Od 12 lat Argentyna była poza zasięgiem Kolumbii. To jednak nie wszystko. Aż osiem lat Kolumbijczycy czekali, by pokonać bramkarza „Albicelestels”. W nocy z soboty na niedzielę czasu polskiego udało się dokonać jednego i drugiego. W swoim inauguracyjnym meczu w Copa America Kolumbia pokonała jednego z faworytów do mistrzostwa 2:0.
Po dwóch przegranych finałach Copa America i słabym mundialu nowa reprezentacja Argentyny ze starymi gwiazdami (Messim, Di Maria i Aguero) miała wreszcie coś wygrać. - Chciałbym wygrać bardziej dla Leo niż dla siebie. Gdy z nim rozmawiam, często mówi: „Módl się, żeby pewnego dnia i nam się udało”. To jest to, czego on chce najbardziej, podobnie zresztą jak każdy z nas - mówił przed turniejem Sergio Aguero.
Turniej w Brazylii piłkarze Lionela Scaloniego zaczęli najgorzej jak mogli. Choć Leo Messi wcielił się w rolę Roberta Lewandowskiego przed mundialem w Rosji i ostrzegał, że nie wszystko jest tak kolorowe, jakby się wydawało. „Messi ma rację, nasz zespół nie jest kandydatem do wygrana Copa America. Jego słowa nie były tylko poprawnością polityczną i znalazły swoje potwierdzenie w rzeczywistości już w pierwszym meczu” - napisał po porażce dziennik „La Nacion”.
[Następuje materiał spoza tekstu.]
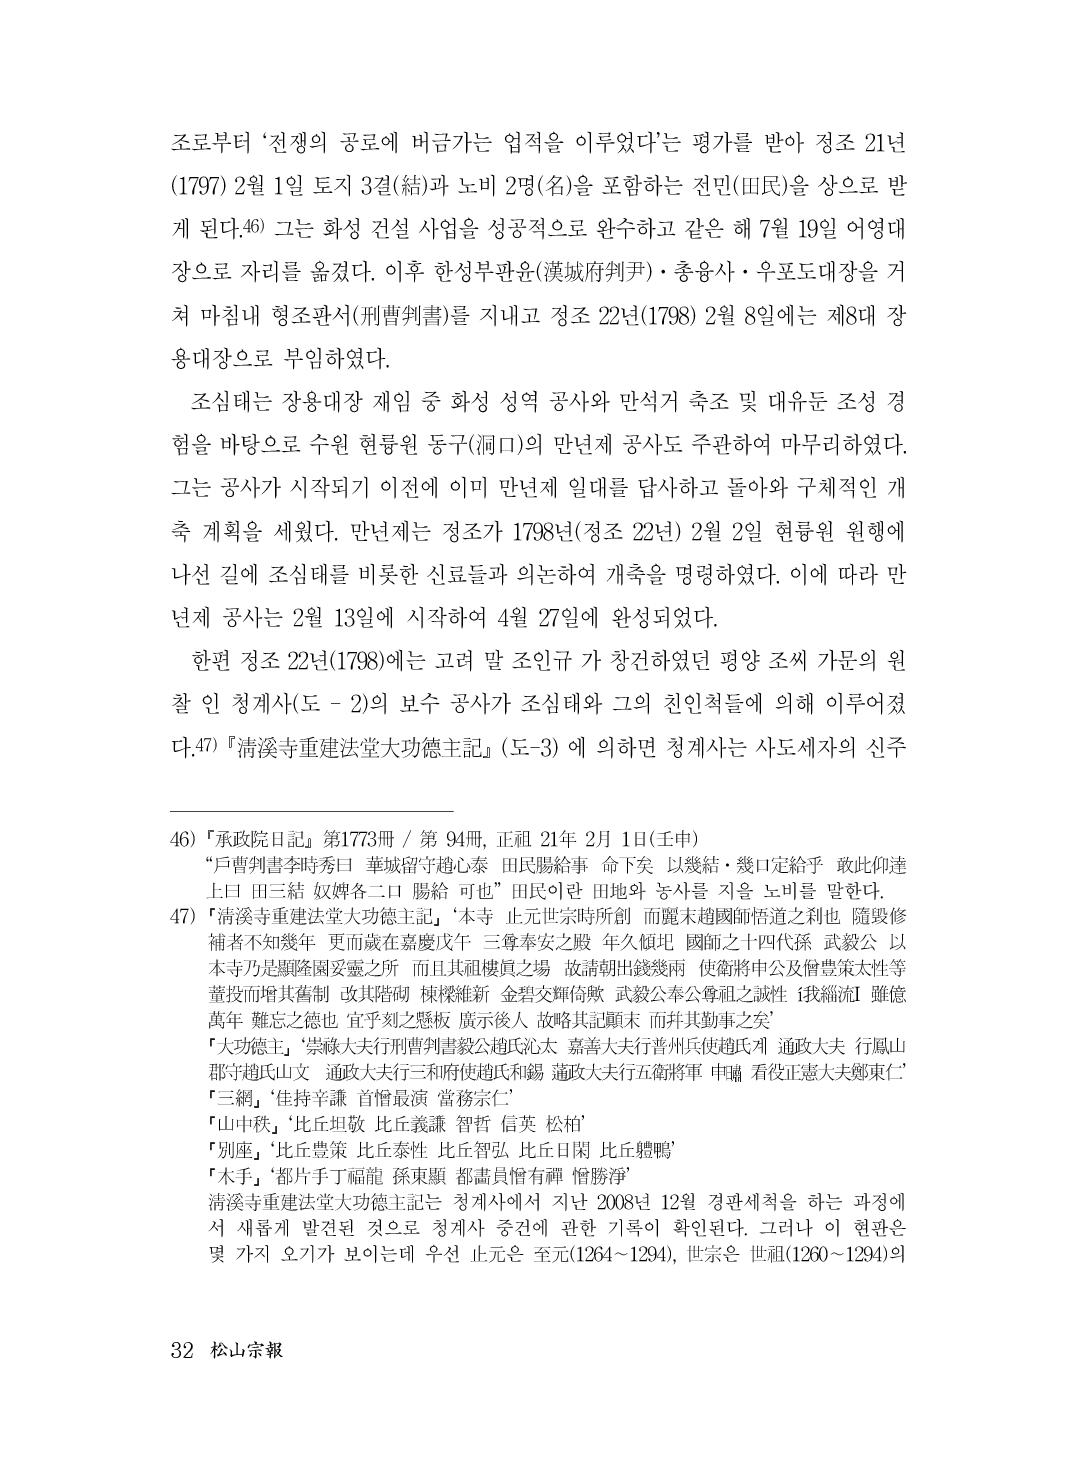 (전체) 송산종보(27호)(최종)_33.jpg

„Historia pokazuje, że reprezentacja Argentyny zawsze jest kandydatem do wygrania wielkiego turnieju. Ale nasz pierwszy mecz na Copa America w Brazylii przypomina, że rzeczywistość waży więcej niż historia. Porażka 0:2 z Kolumbią oznacza, że nasza teraźniejszość jest taka, że próbujemy coś zbudować, ale wciąż brakuje nam zbyt wielu cegieł” - napisali dziennikarze „Clarin”.
W grupie z Argentyną jest jeszcze Paragwaj i Katar, który razem z Japonią został zaproszony do turnieju. Transmisje z Copa America można oglądać na antenach Polsatu Sport.